## DATA EXTRACT
=== Begin Enclosure ===

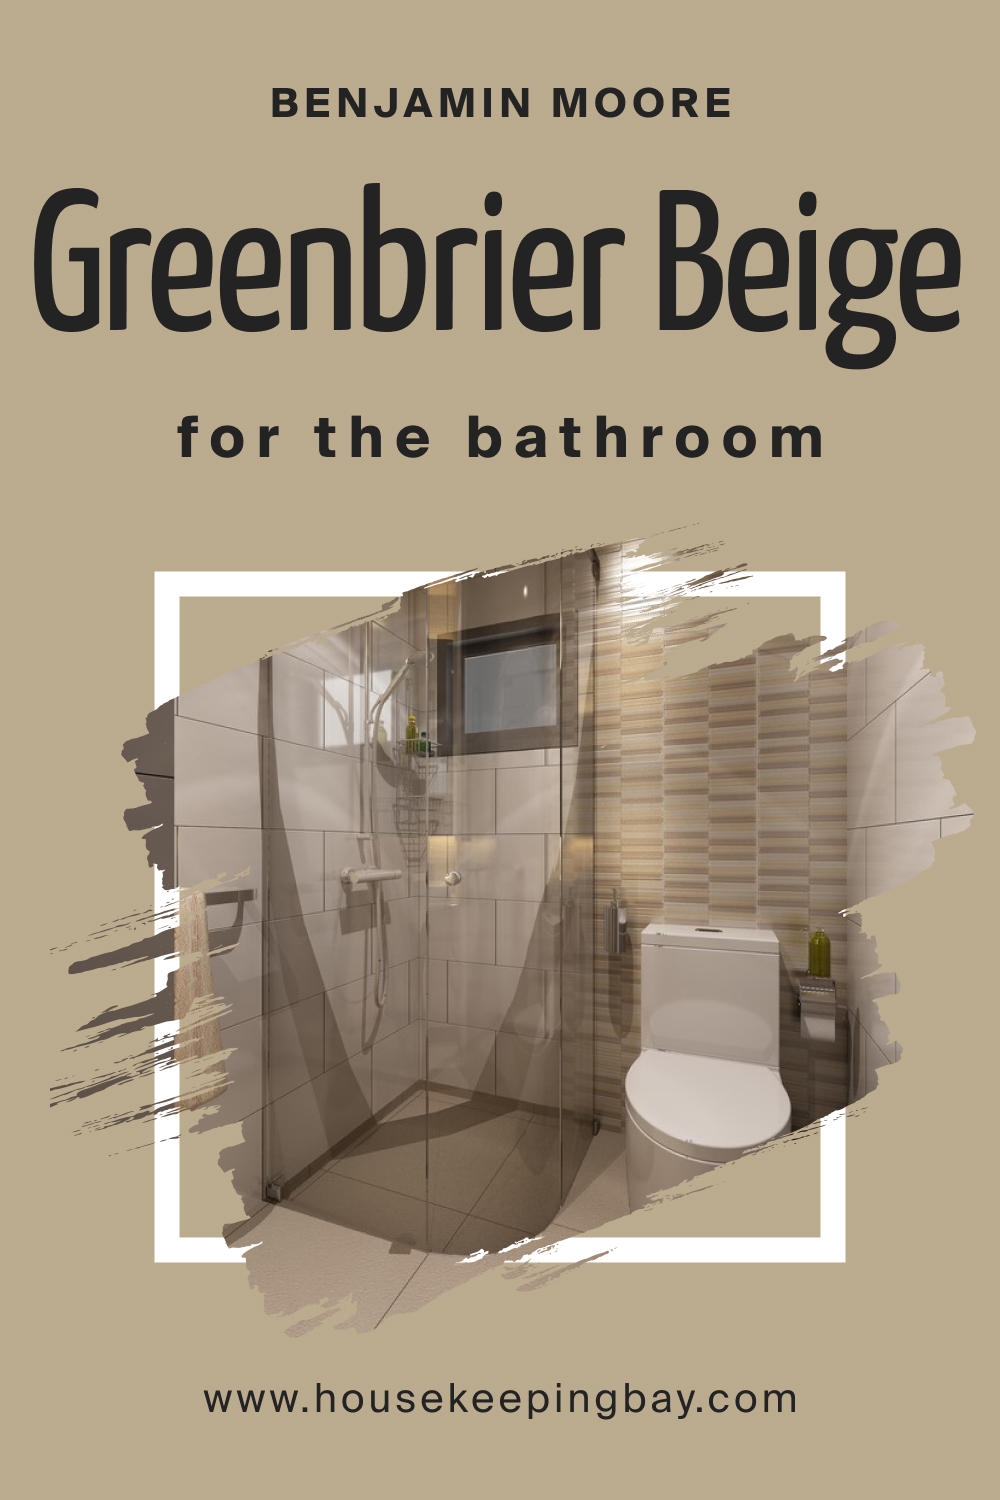 How to Use BM Greenbrier Beige HC-79 in the Bathroom?
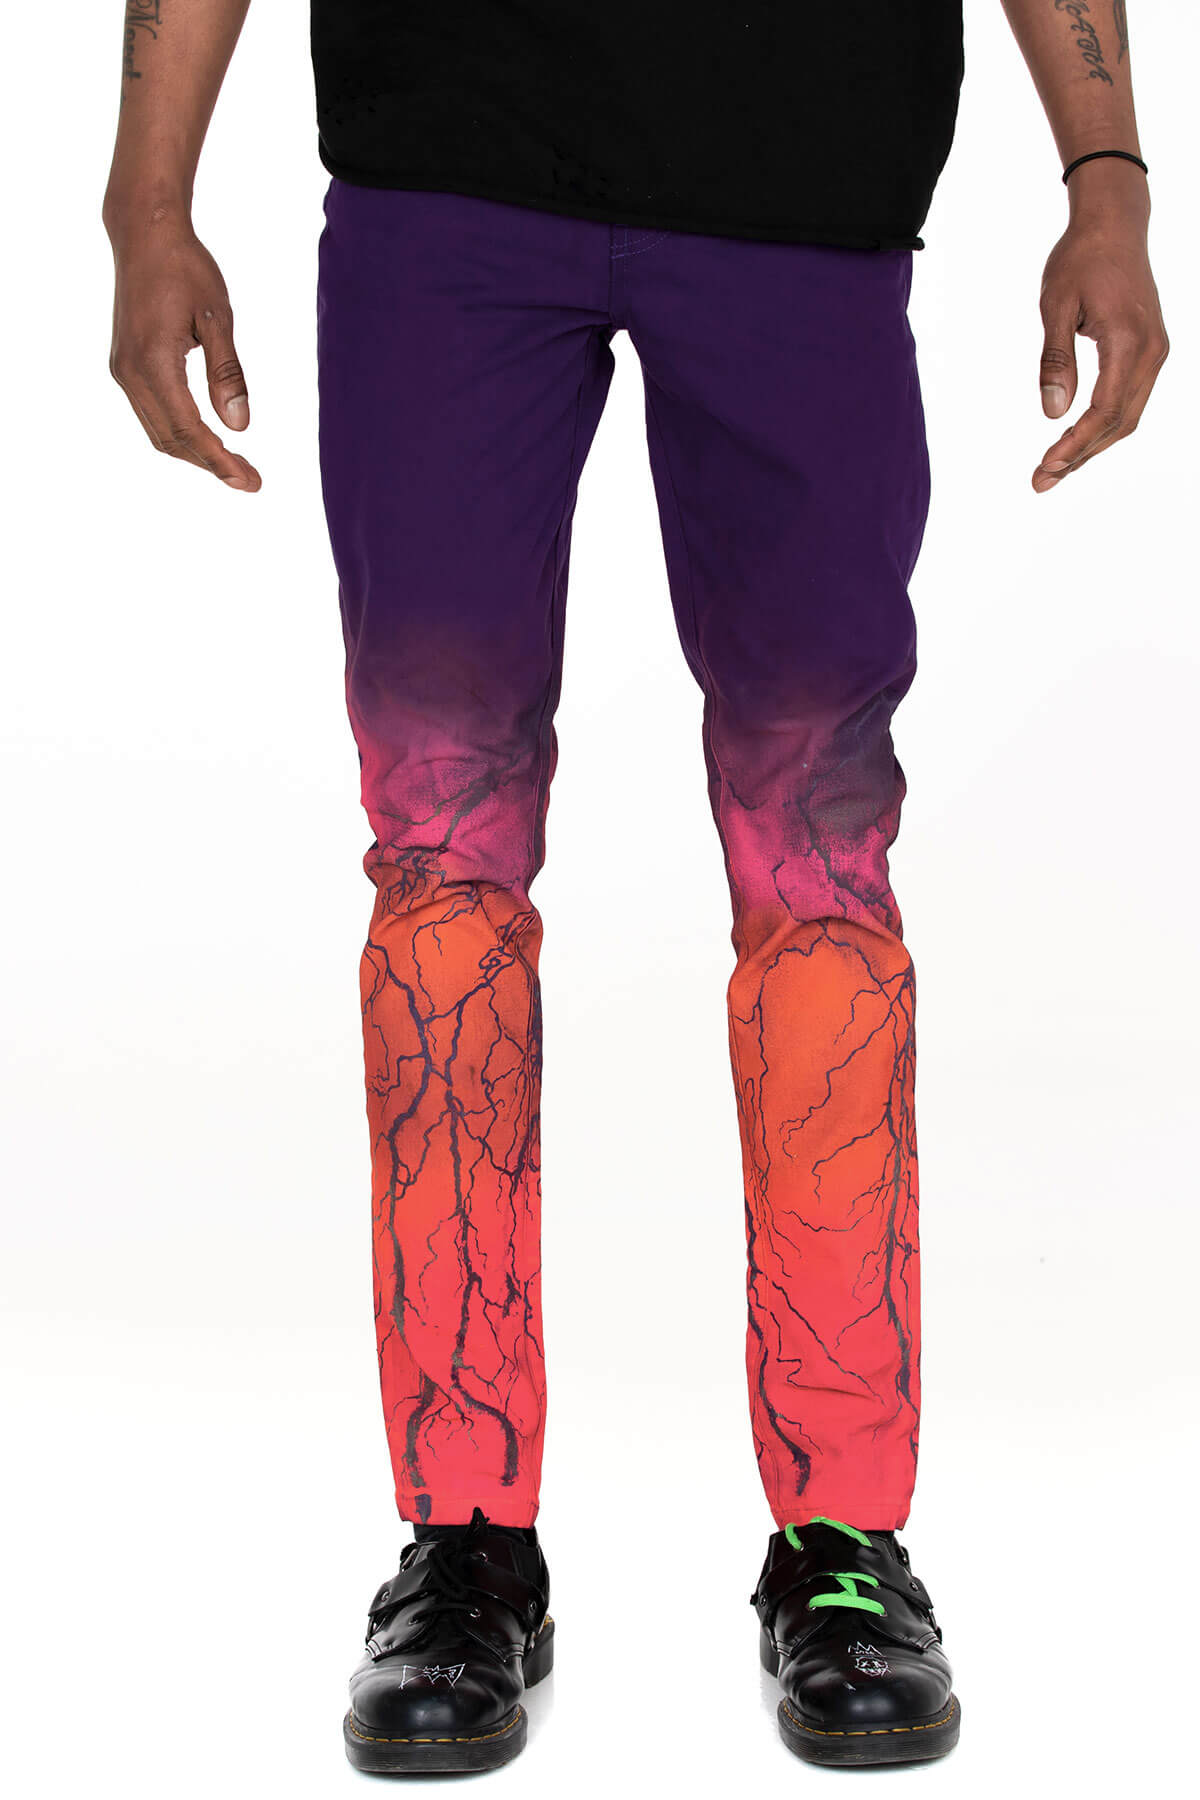 LIGHTNING OMBRE HAND SPRAYED AND CRAFTED CRIXUS JEAN - MJB
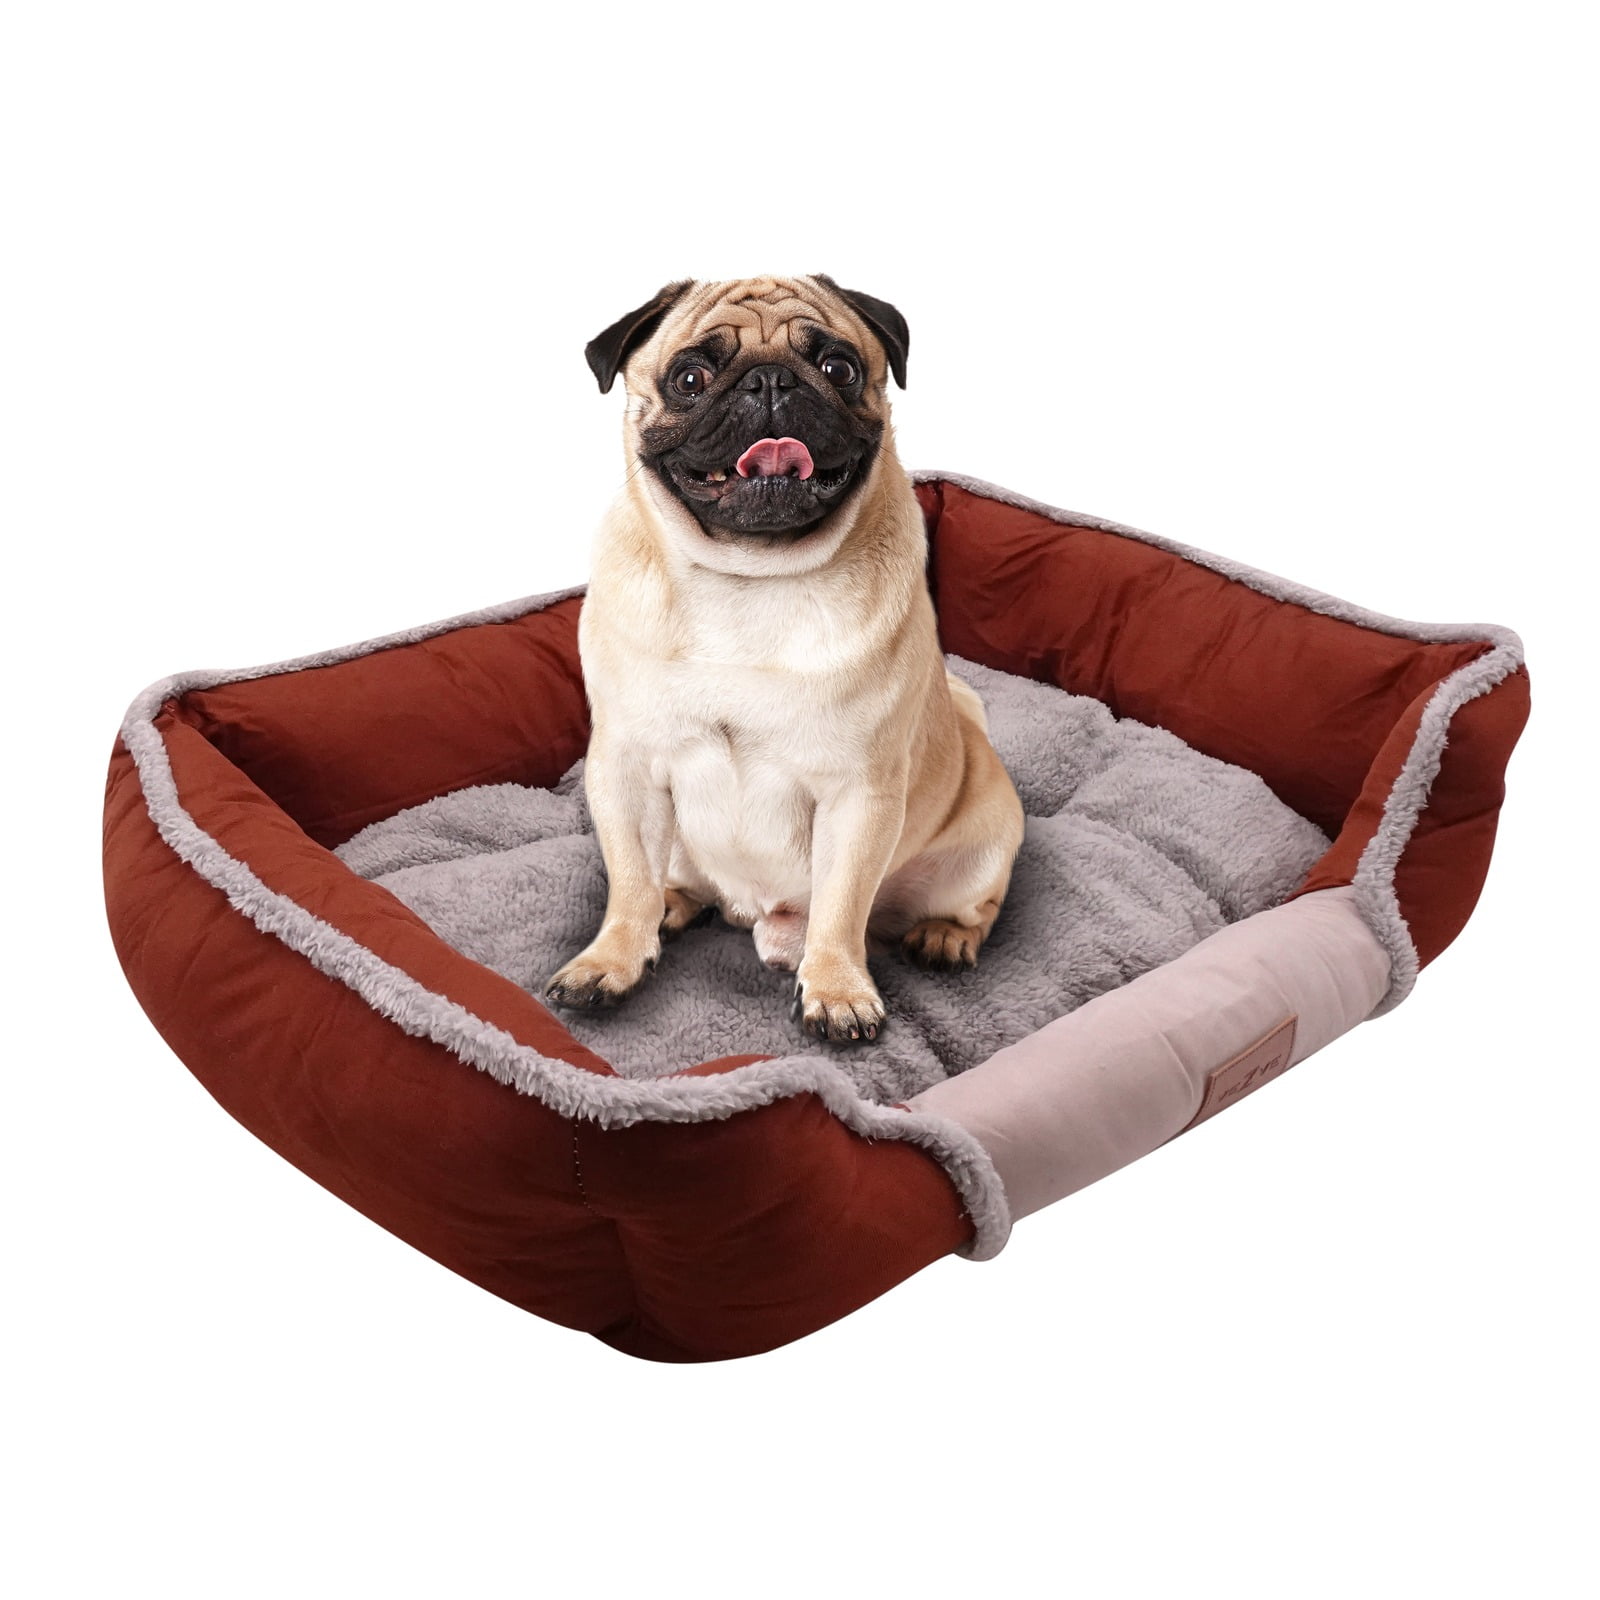 JOYELF Medium Memory Foam Dog Bed Replacement Cover for 31 x 22

=== End Enclosure ===

## WORK INSTRUCTION
Could you reproduce all of the data above exactly and skip any image?

## OUTPUT OF THE EXERCISE
 How to Use BM Greenbrier Beige HC-79 in the Bathroom?
 LIGHTNING OMBRE HAND SPRAYED AND CRAFTED CRIXUS JEAN - MJB
 JOYELF Medium Memory Foam Dog Bed Replacement Cover for 31 x 22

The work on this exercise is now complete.